INFORMATION PROVIDED
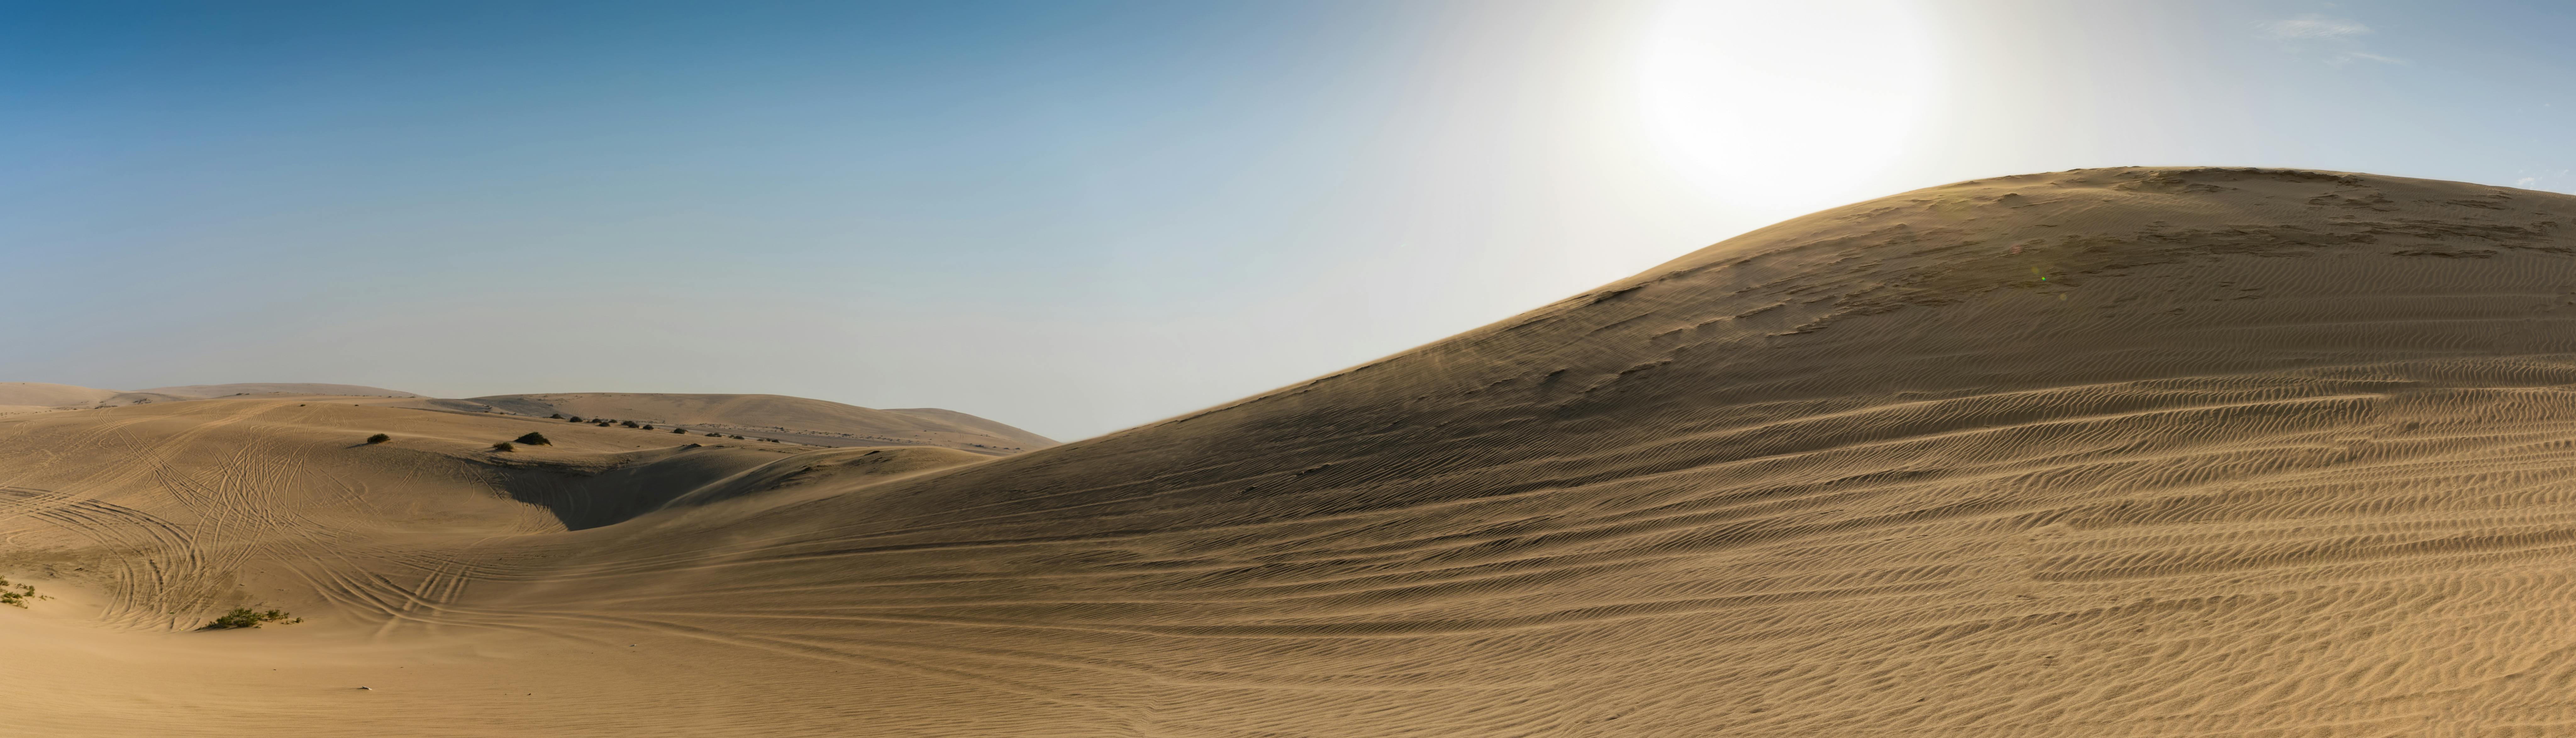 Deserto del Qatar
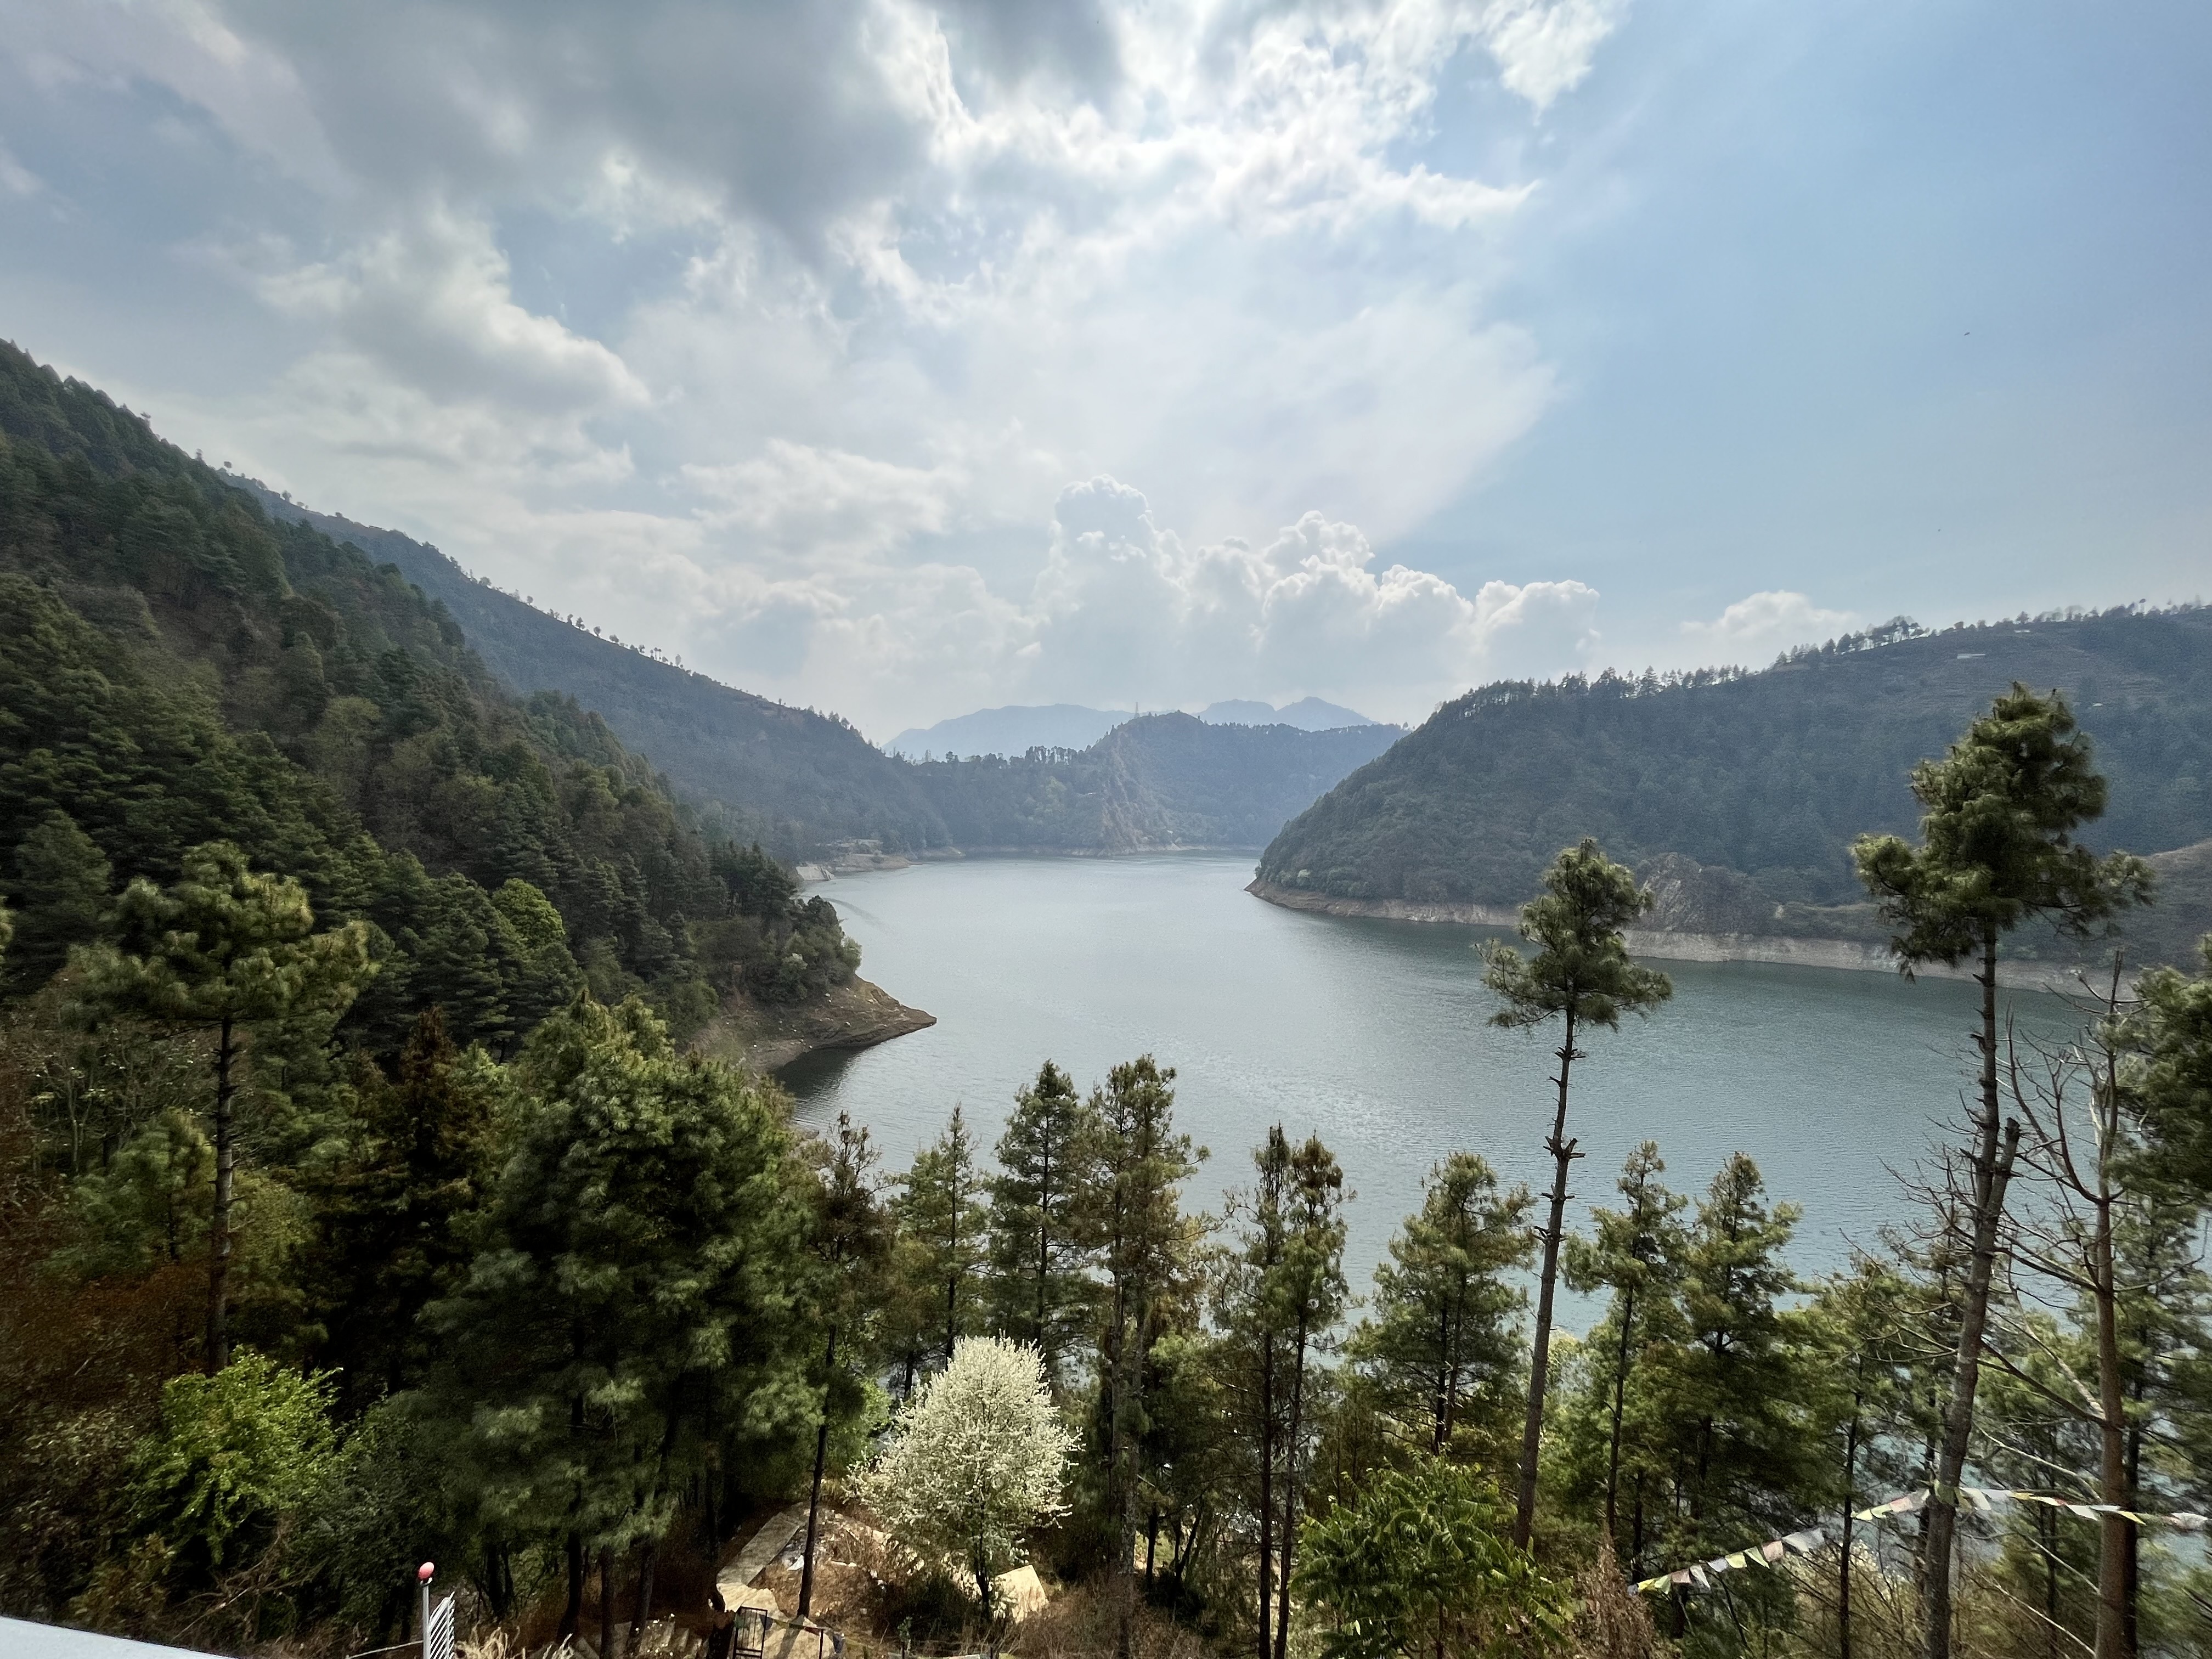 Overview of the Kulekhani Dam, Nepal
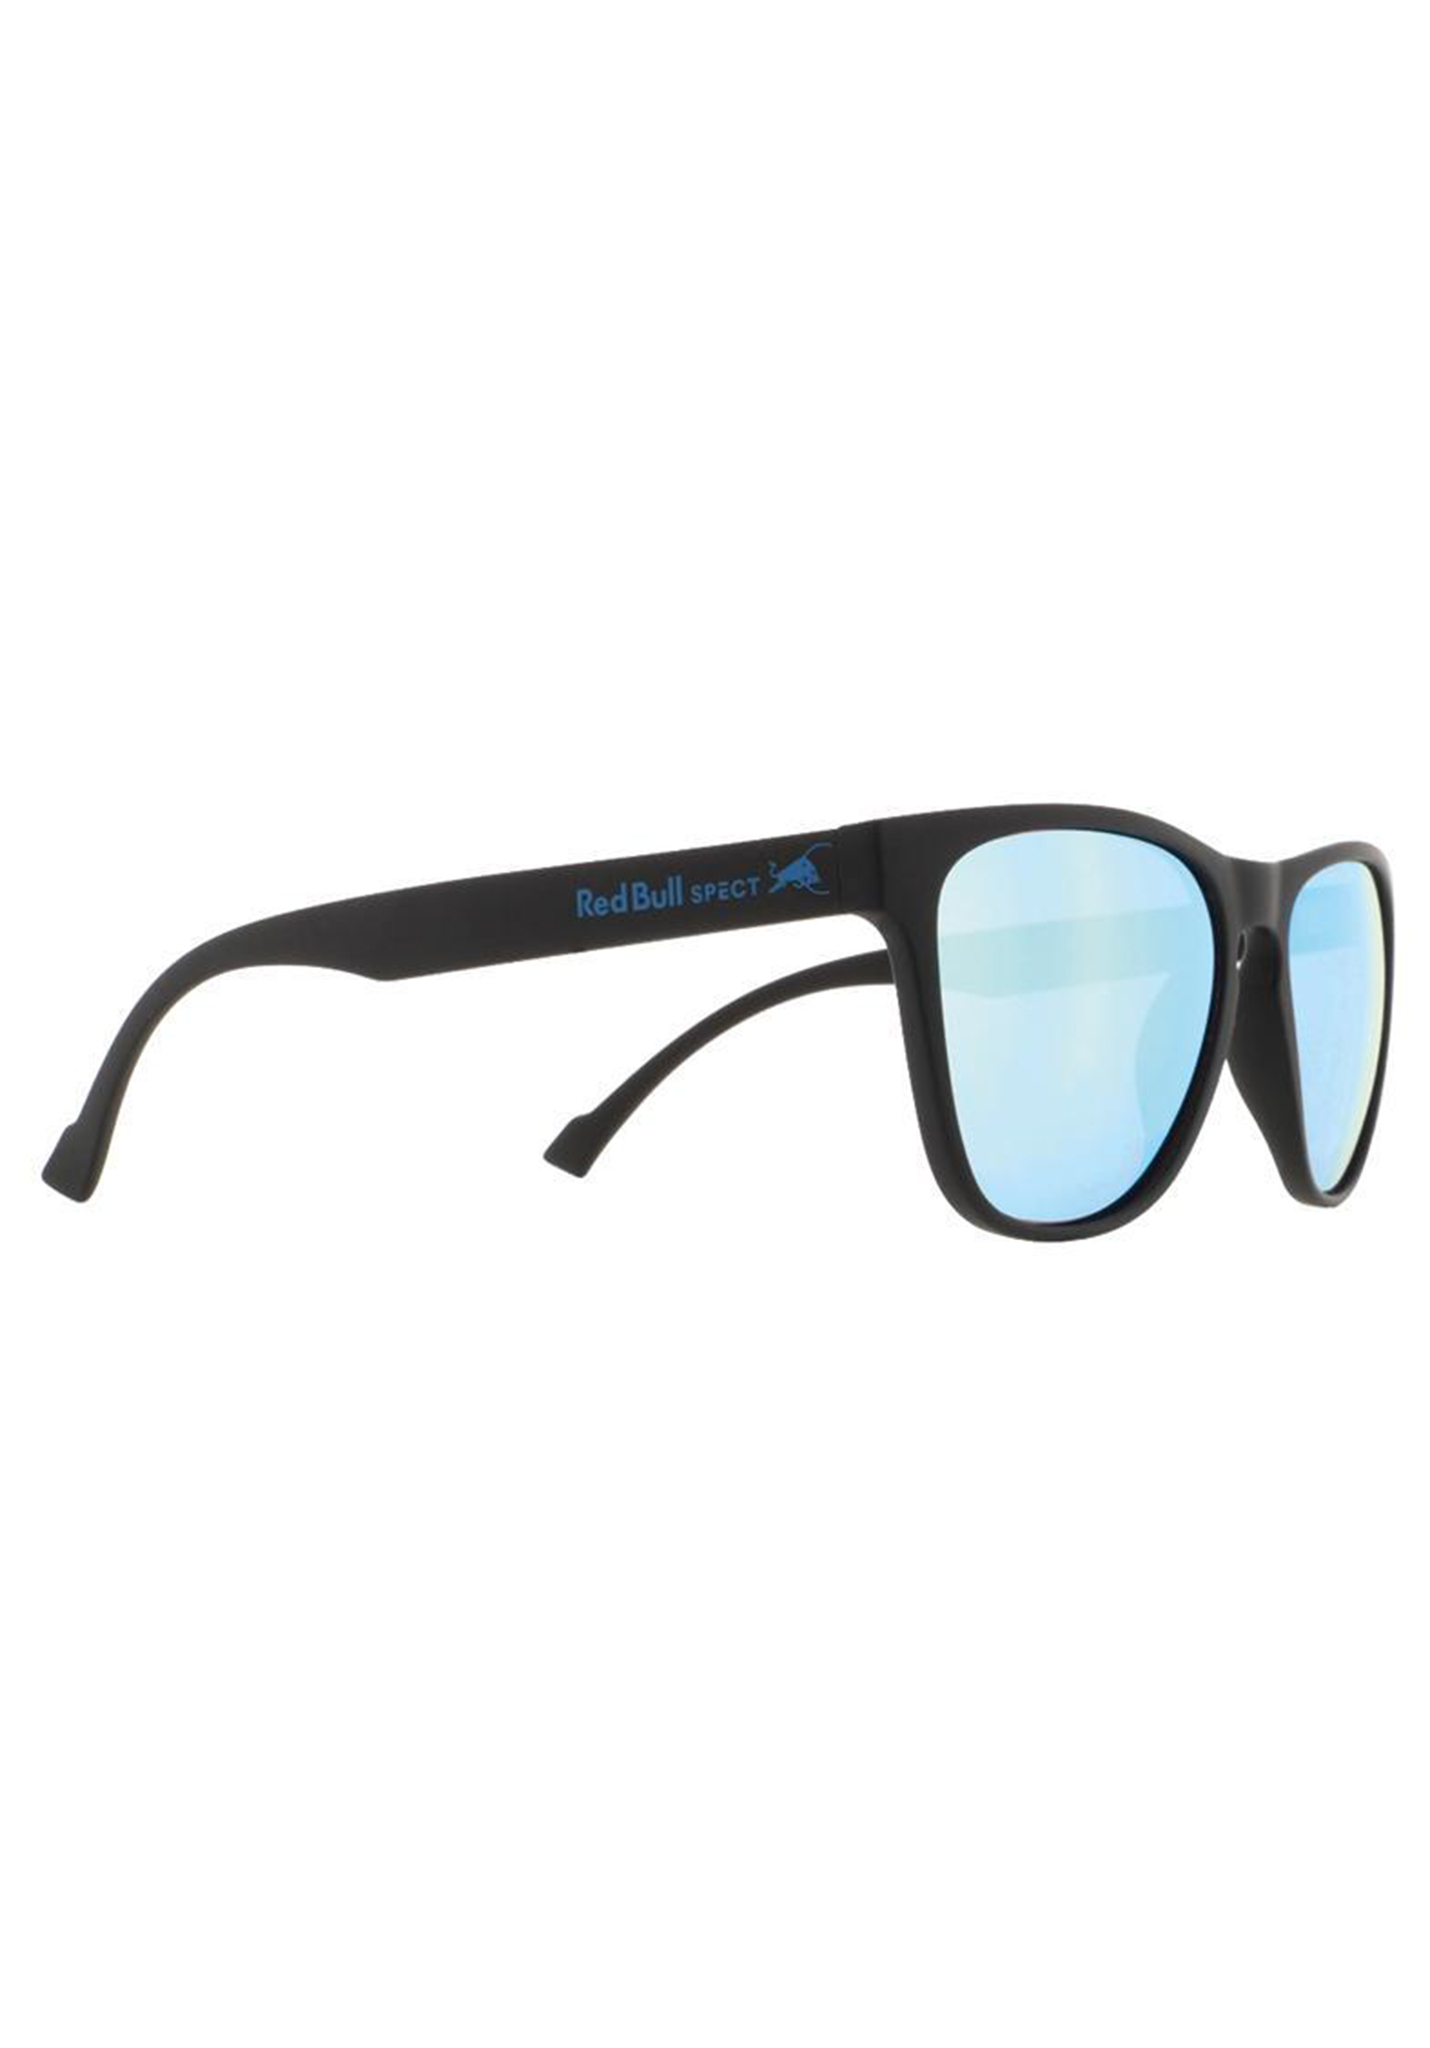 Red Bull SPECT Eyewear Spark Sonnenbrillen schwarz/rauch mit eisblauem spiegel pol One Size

WORK REQUEST
Without the pictures, write out every line above exactly as it appears.

TASK RESULT
 Deserto del Qatar
 Overview of the Kulekhani Dam, Nepal
 Red Bull SPECT Eyewear Spark Sonnenbrillen schwarz/rauch mit eisblauem spiegel pol One Size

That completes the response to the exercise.